**** Available records
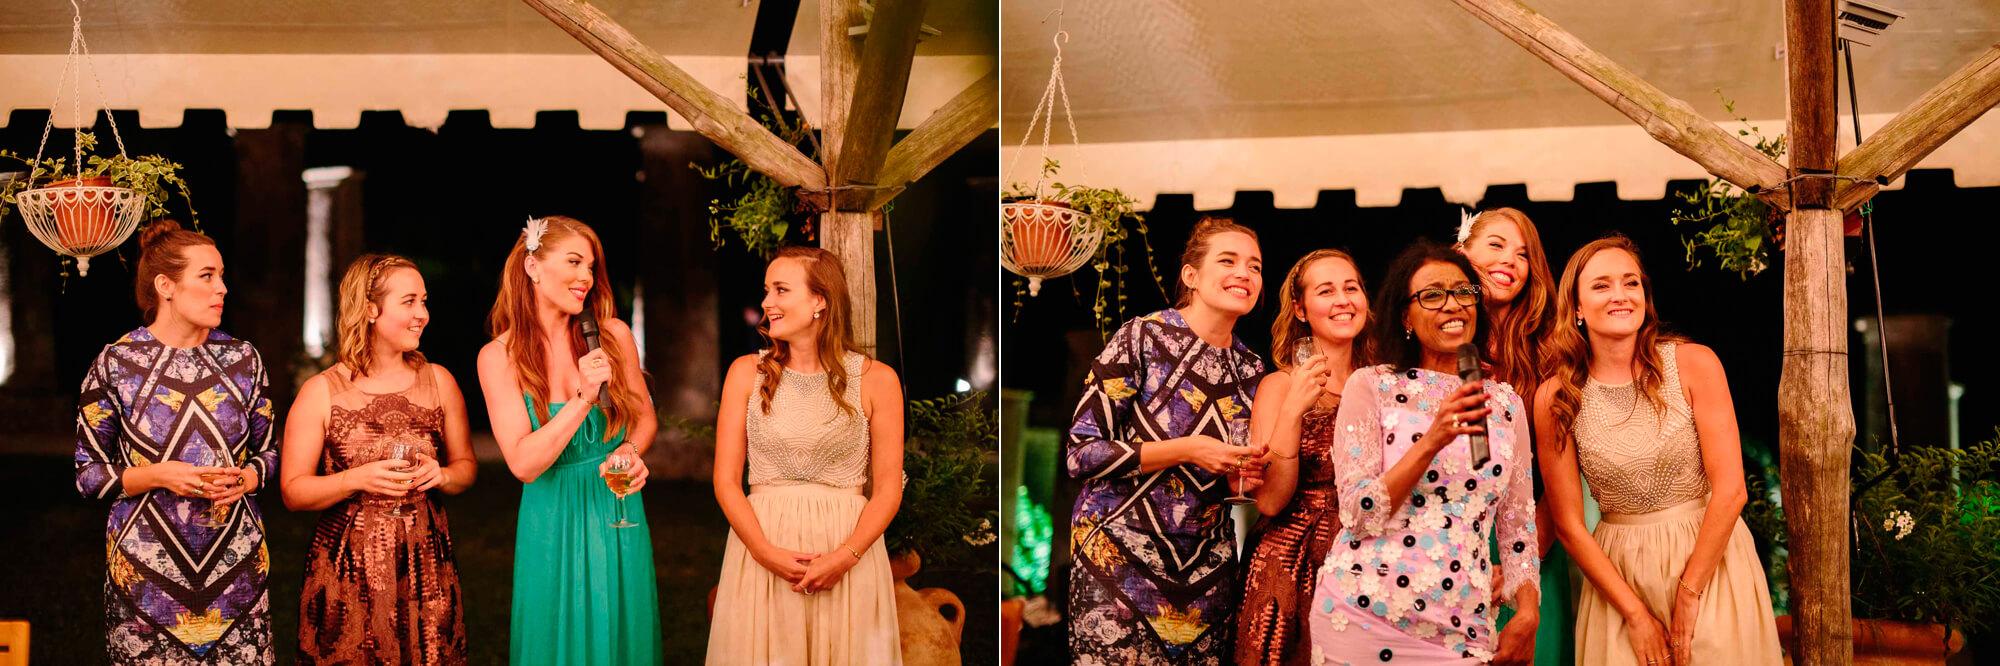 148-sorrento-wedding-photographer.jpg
********
**** Available records
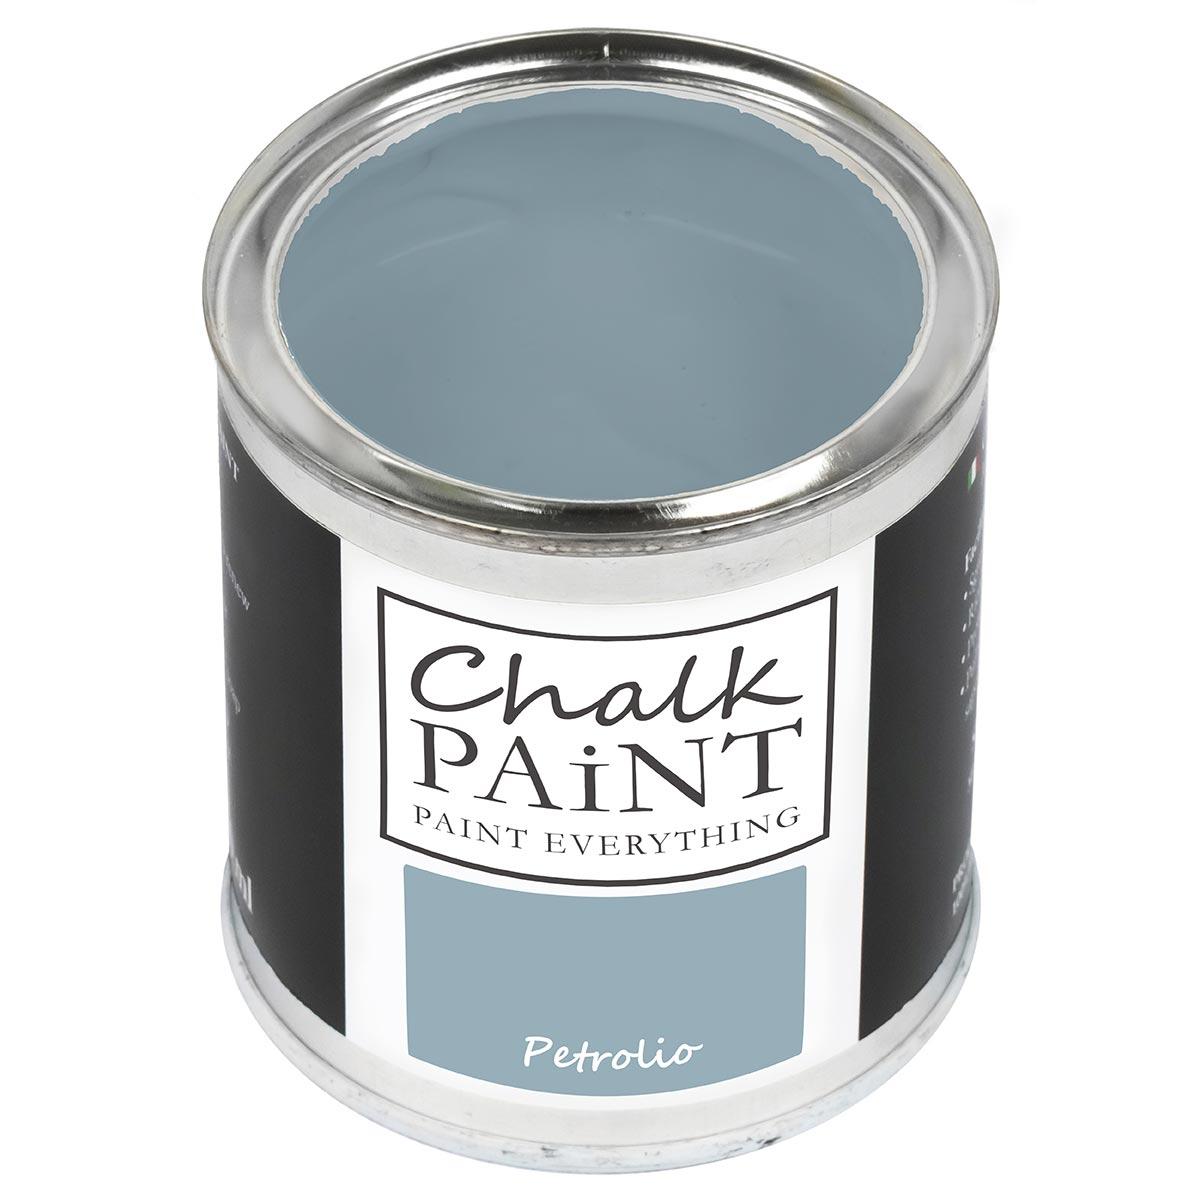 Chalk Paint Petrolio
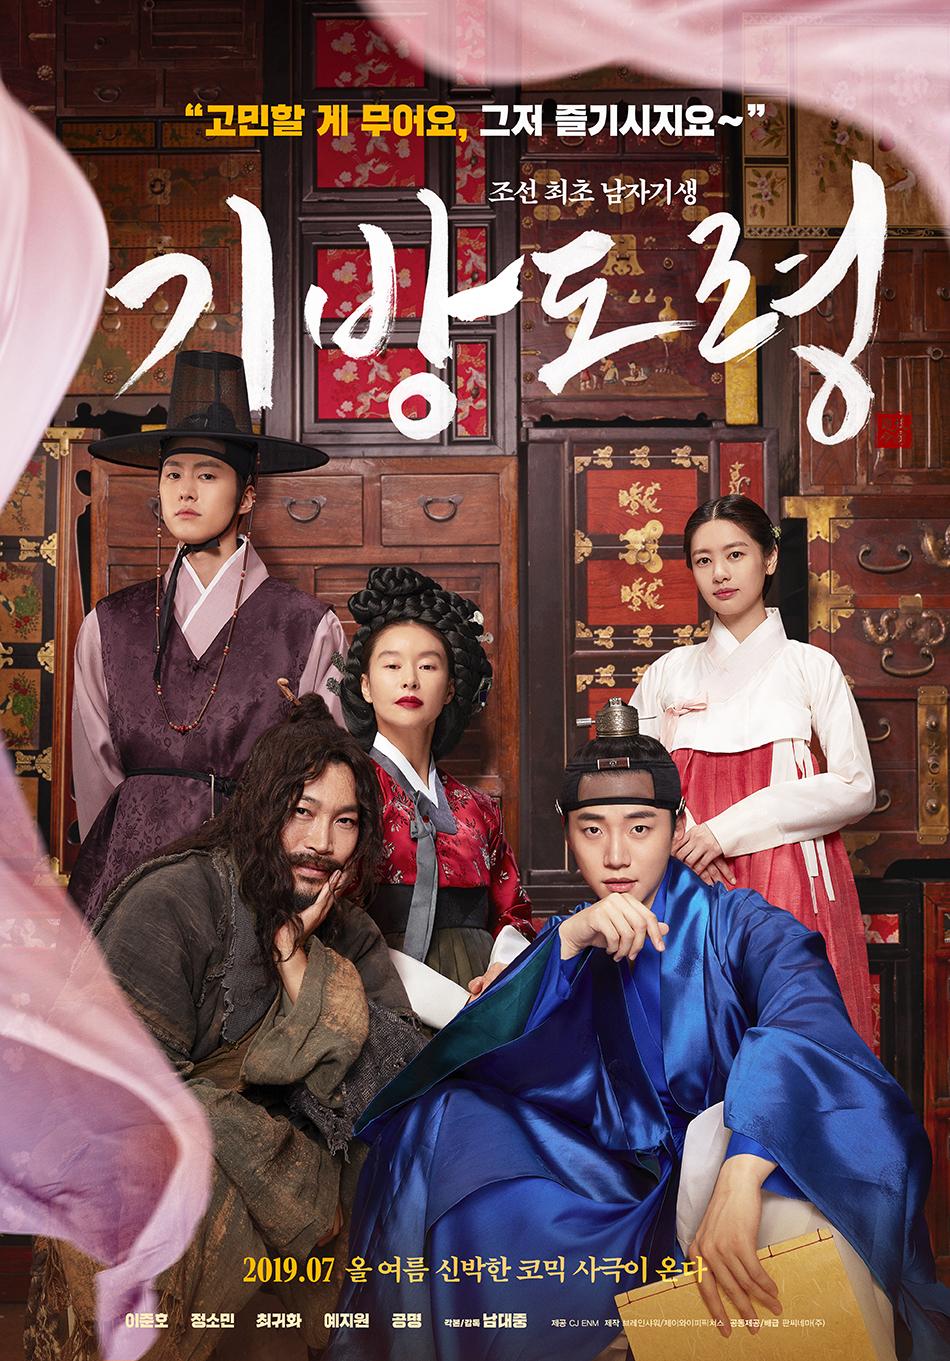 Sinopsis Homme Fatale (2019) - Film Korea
********
**** Available records
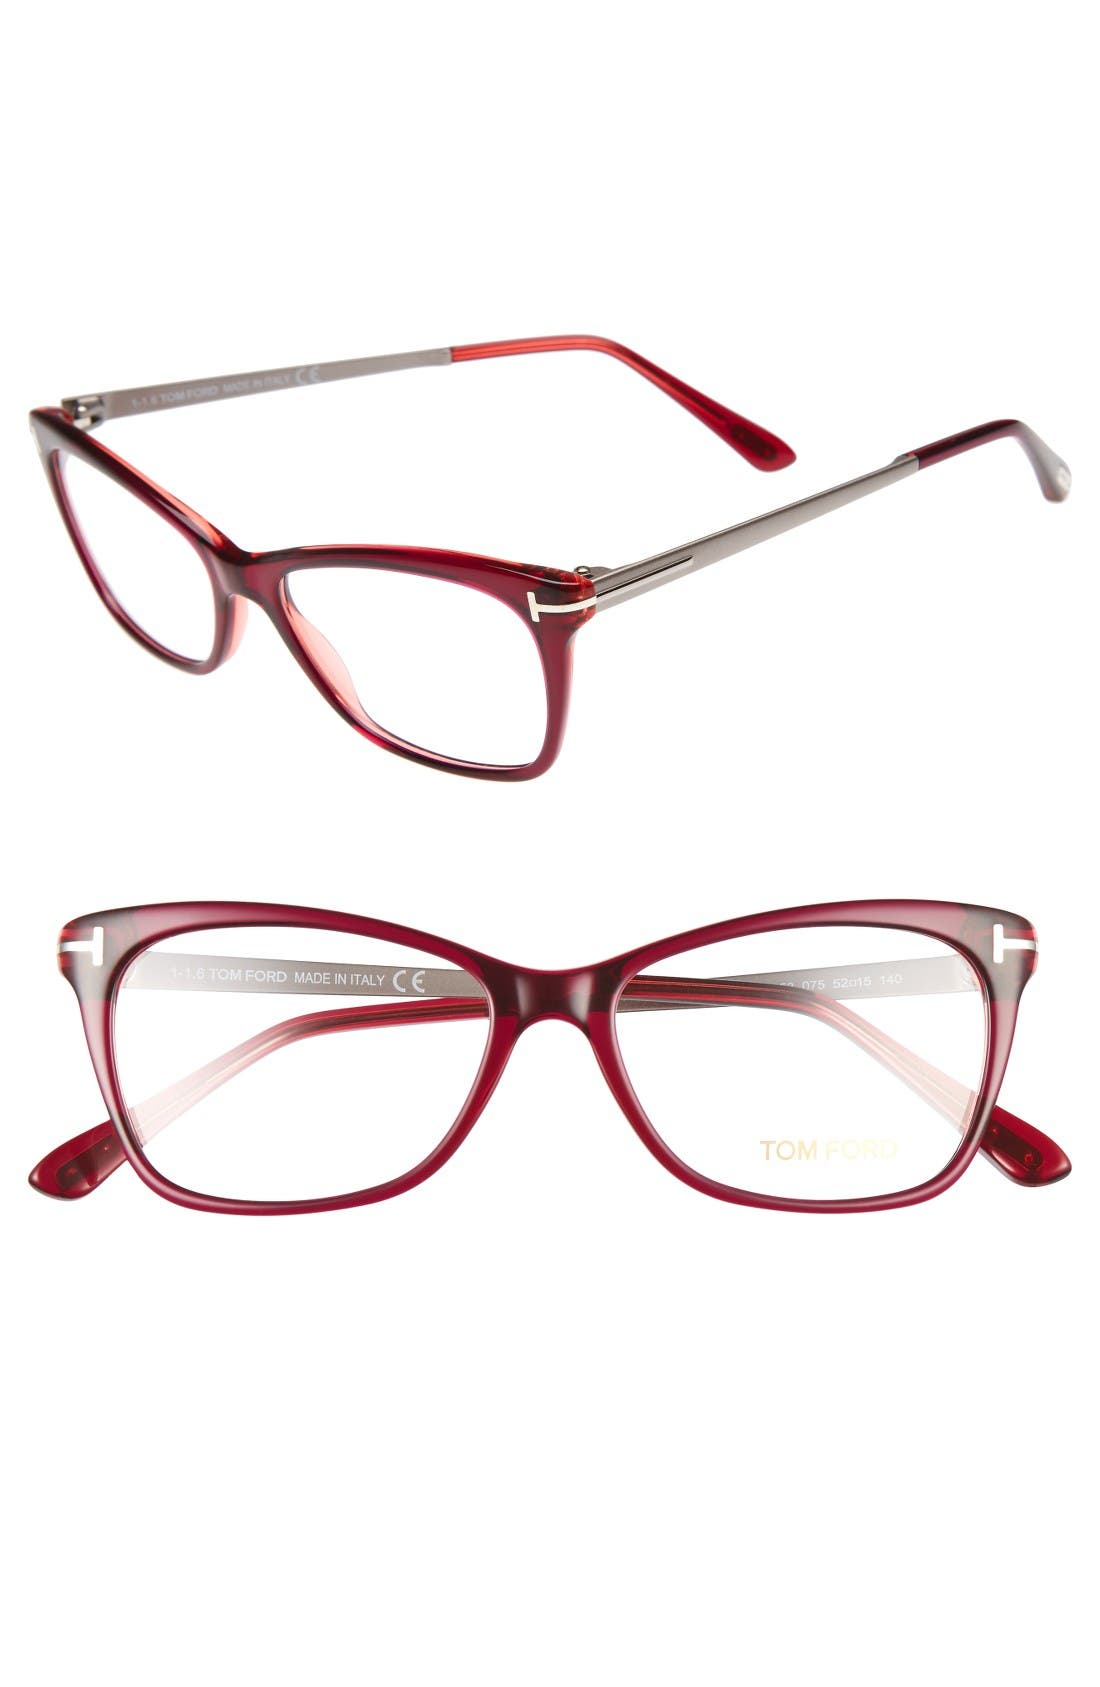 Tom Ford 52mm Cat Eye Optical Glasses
********
About this exercise —
Leaving pictures out, output the lines of the data above from the one with "Chalk Paint Petrolio" through the one with "Sinopsis Homme Fatale (2019) - Film Korea", word for word.

Answer to this exercise —
 Chalk Paint Petrolio
 Sinopsis Homme Fatale (2019) - Film Korea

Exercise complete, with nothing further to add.